Intermittent 525 SSL

I’ve managed to find some Windows Event Viewer logs that represent 525 errors. From the event log below:

An TLS 1.2 connection request was received from a remote client application, but none of the cipher suites supported by the client application are supported by the server. The TLS connection request has failed

The SCHANNEL event log entries come in pairs: a 36874 one is at SCHANNEL logging level 2 (error) and the second is 36888 at SCHANNEL logging level 4 (info):

Event ID 36874 (docs)

<Event xmlns='http://schemas.microsoft.com/win/2004/08/events/event'>
    <System>
        <Provider Name='Schannel' Guid='{1F678132-5938-4686-9FDC-C8FF68F15C85}'/>
        <EventID>36874</EventID>
        <Version>0</Version>
        <Level>2</Level>
        <Task>0</Task>
        <Opcode>0</Opcode>
        <Keywords>0x8000000000000000</Keywords>
        <TimeCreated SystemTime='2021-06-09T07:37:20.851447000Z'/>
        <EventRecordID>375477</EventRecordID>
        <Correlation ActivityID='{4D165D95-533C-0001-B05D-164D3C53D701}'/>
        <Execution ProcessID='840' ThreadID='5588'/>
        <Channel>System</Channel>
        <Computer>COMPUTERNAME</Computer>
        <Security UserID='S-1-5-18'/>
    </System>
    <EventData>
        <Data Name='Protocol'>TLS 1.2</Data>
    </EventData>
    <RenderingInfo Culture='en-US'>
        <Message>An TLS 1.2 connection request was received from a remote client application, but none of the cipher suites supported by the client application are supported by the server.
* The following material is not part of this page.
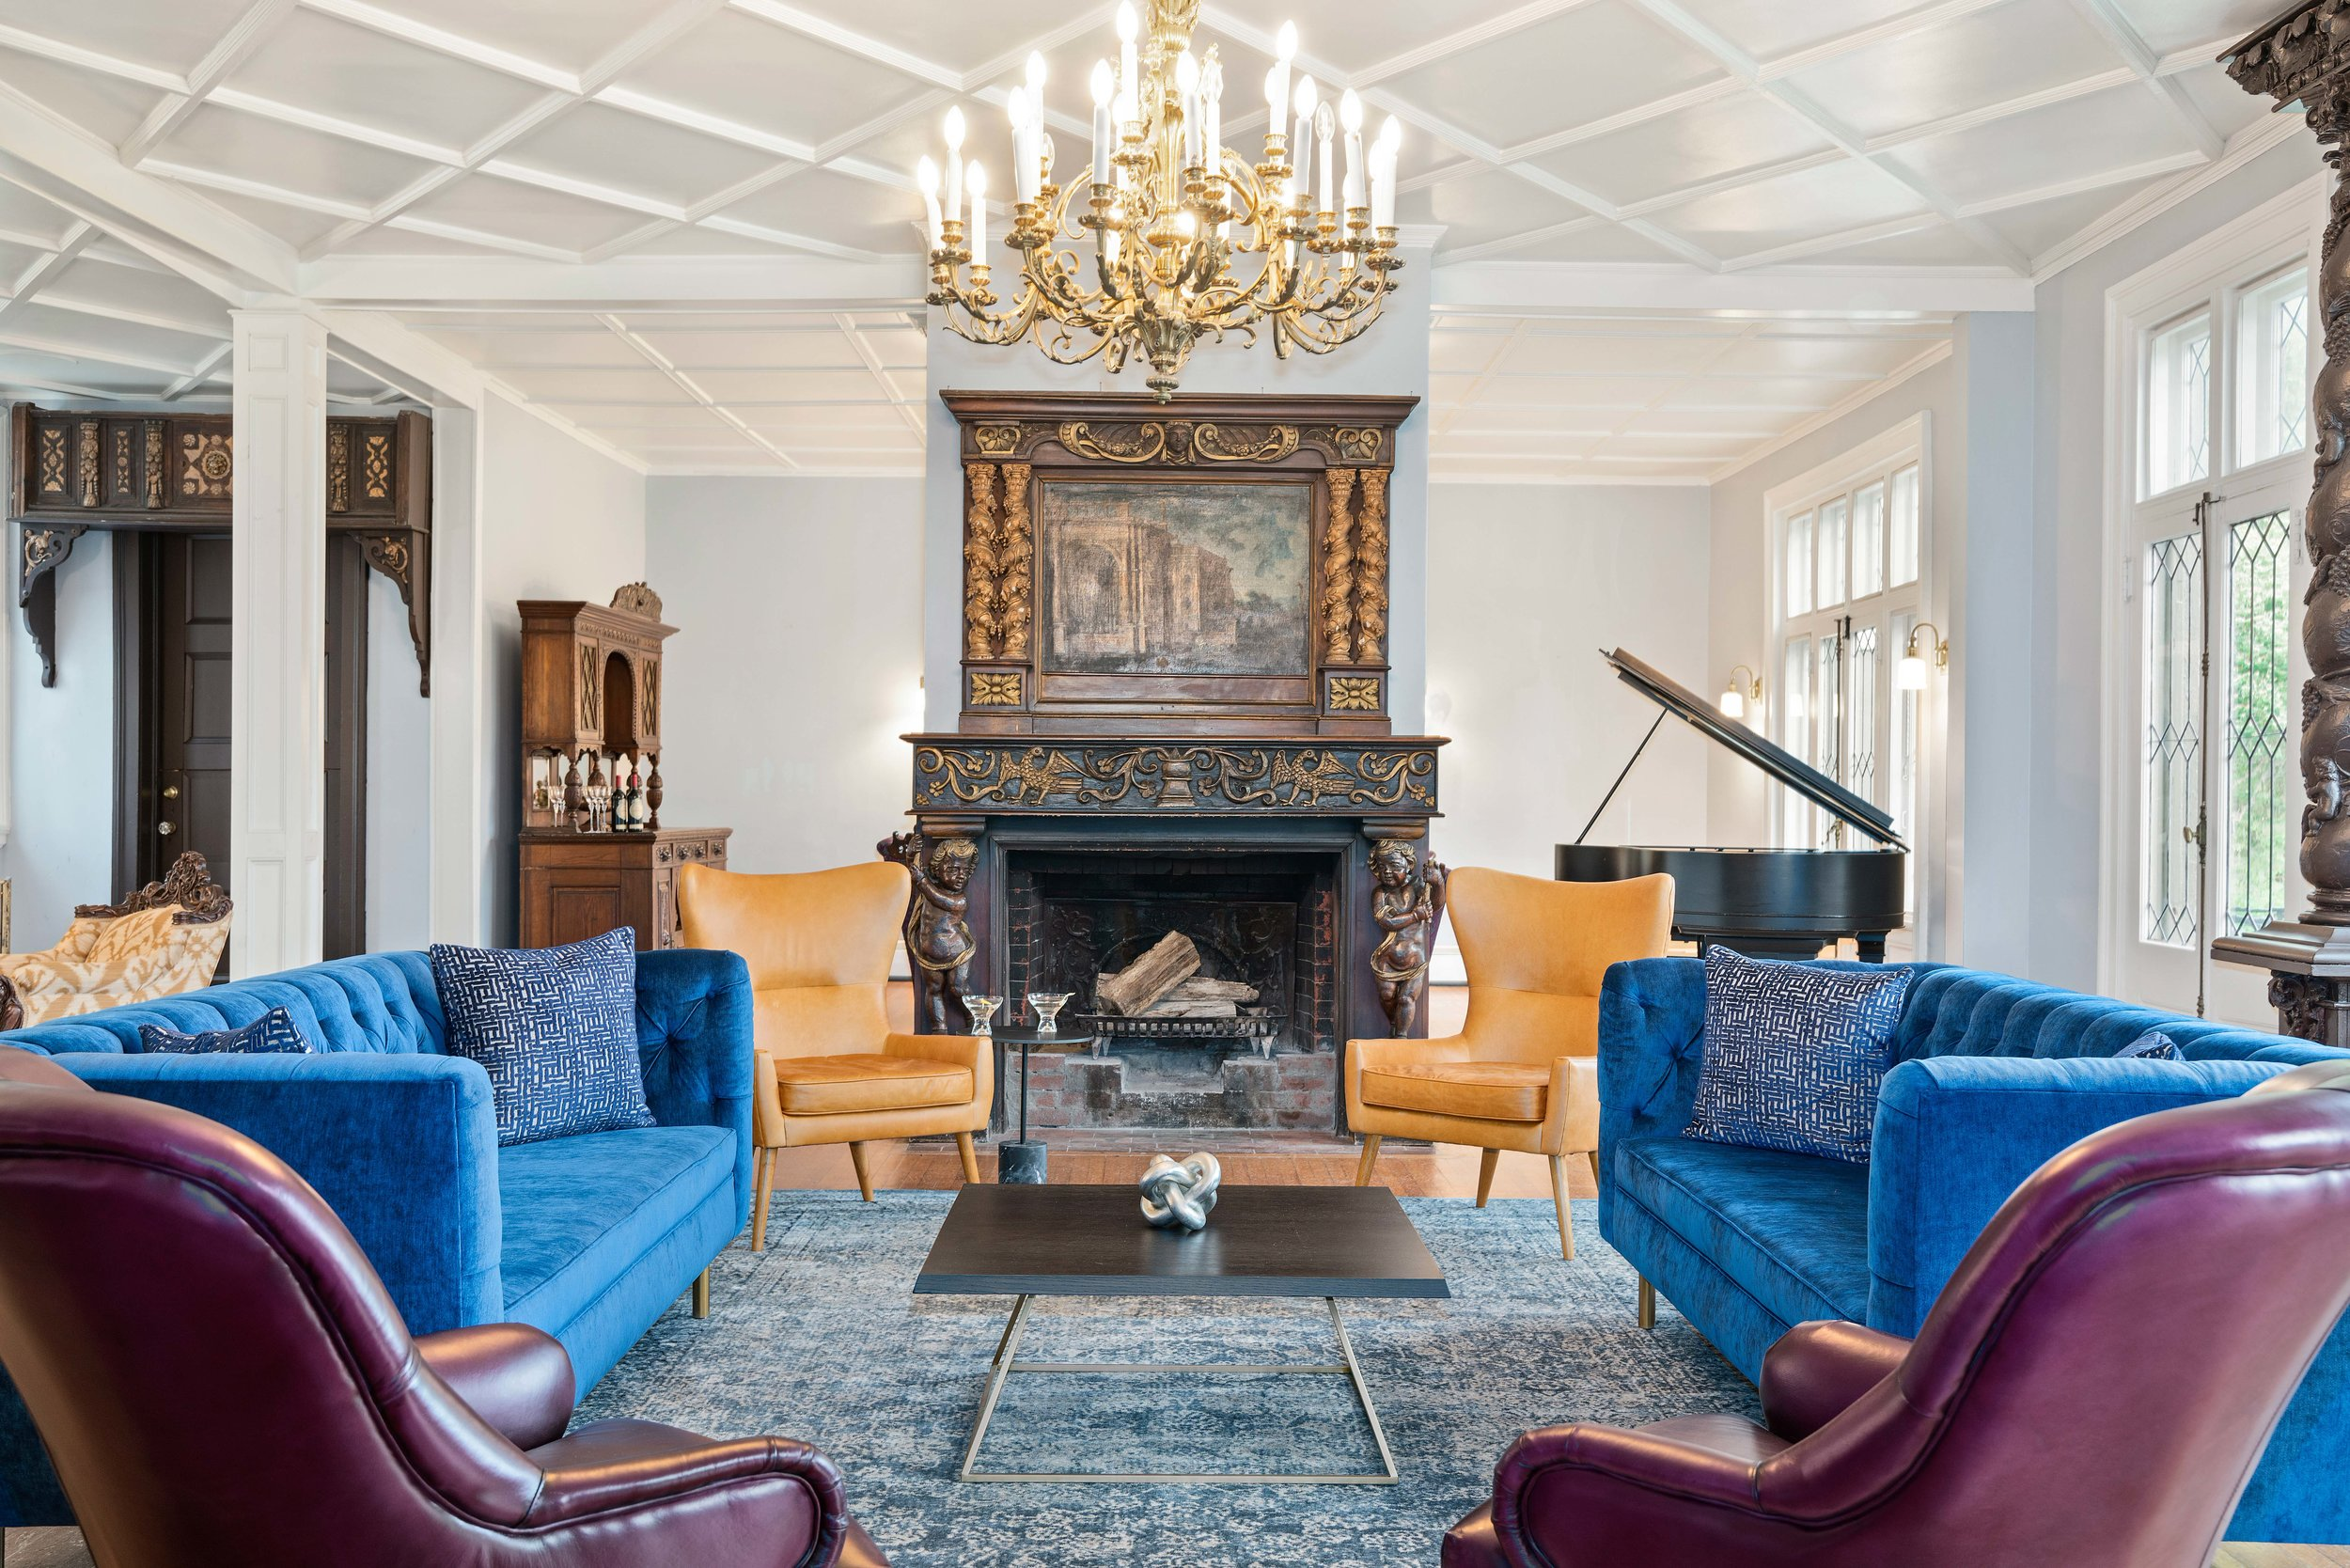 55.jpg Royal Blue and purple w fireplace parlor.jpg
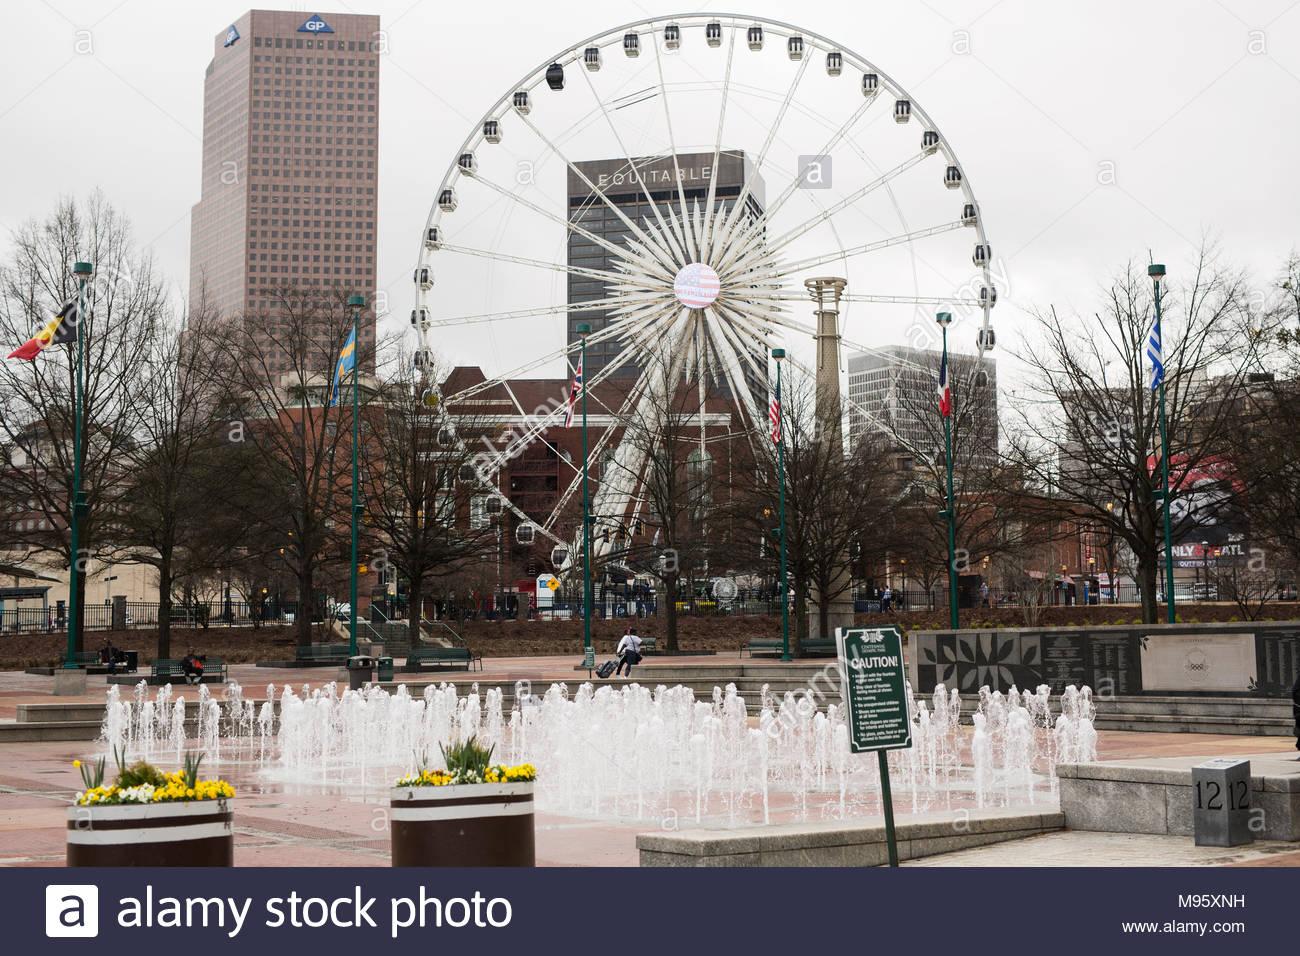 Atlantas Centennial Olympic Park fountain with its ferris wheel 1300x956

The TLS connection request has failed.</Message>
        <Level>Error</Level>
        <Task></Task>
        <Opcode>Info</Opcode>
        <Channel>System</Channel>
        <Provider></Provider>
        <Keywords></Keywords>
    </RenderingInfo>
</Event>

The second Event Viewer log (level 4) is the informational that explains what SCHANNEL then did, which was to return code 40 (Handshake Failed). Event ID 36888 (docs)

<Event xmlns='http://schemas.microsoft.com/win/2004/08/events/event'>
    <System>
        <Provider Name='Schannel' Guid='{1F678132-5938-4686-9FDC-C8FF68F15C85}'/>
        <EventID>36888</EventID>
        <Version>0</Version>
        <Level>4</Level>
        <Task>0</Task>
        <Opcode>0</Opcode>
        <Keywords>0x8000000000000000</Keywords>
        <TimeCreated SystemTime='2021-06-09T07:37:20.851448600Z'/>
        <EventRecordID>375478</EventRecordID>
        <Correlation ActivityID='{4D165D95-533C-0001-B05D-164D3C53D701}'/>
        <Execution ProcessID='840' ThreadID='5588'/>
        <Channel>System</Channel>
        <Computer>COMPUTERNAME</Computer>
        <Security UserID='S-1-5-18'/>
    </System>
    <UserData>
        <EventXML xmlns='LSA_NS'>
            <AlertDesc>40</AlertDesc>
            <ErrorState>1205</ErrorState>
            <TargetName></TargetName>
        </EventXML>
    </UserData>
    <RenderingInfo Culture='en-US'>
        <Message>A fatal alert was generated and sent to the remote endpoint. This may result in termination of the connection. The TLS protocol defined fatal alert code is 40.

Target name:

The TLS alert registry can be found at http://www.iana.org/assignments/tls-parameters/tls-parameters.xhtml#tls-parameters-6</Message>
        <Level>Information</Level>
        <Task></Task>
        <Opcode>Info</Opcode>
        <Channel>System</Channel>
        <Provider></Provider>
        <Keywords></Keywords>
    </RenderingInfo>
</Event>

I have not changed any crypto settings on the server (except turning off SSL 3.0, TLS 1.0 and TLS 1.1), so I am somewhat sceptical. I first compared the Cloudflare List of cyphers against the Windows Server 2016 list and there is plenty of crossover (green on the right means there’s a match).

I also tried SSLlabs excellent tool against my test-tenant-but-live-server unproxied endpoint so that I can see what cyphers it is offering. They all look good. The test handshakes also looked fine.

The test tenant hasn’t reported any errors running every 5 minutes for the last ~48 hours.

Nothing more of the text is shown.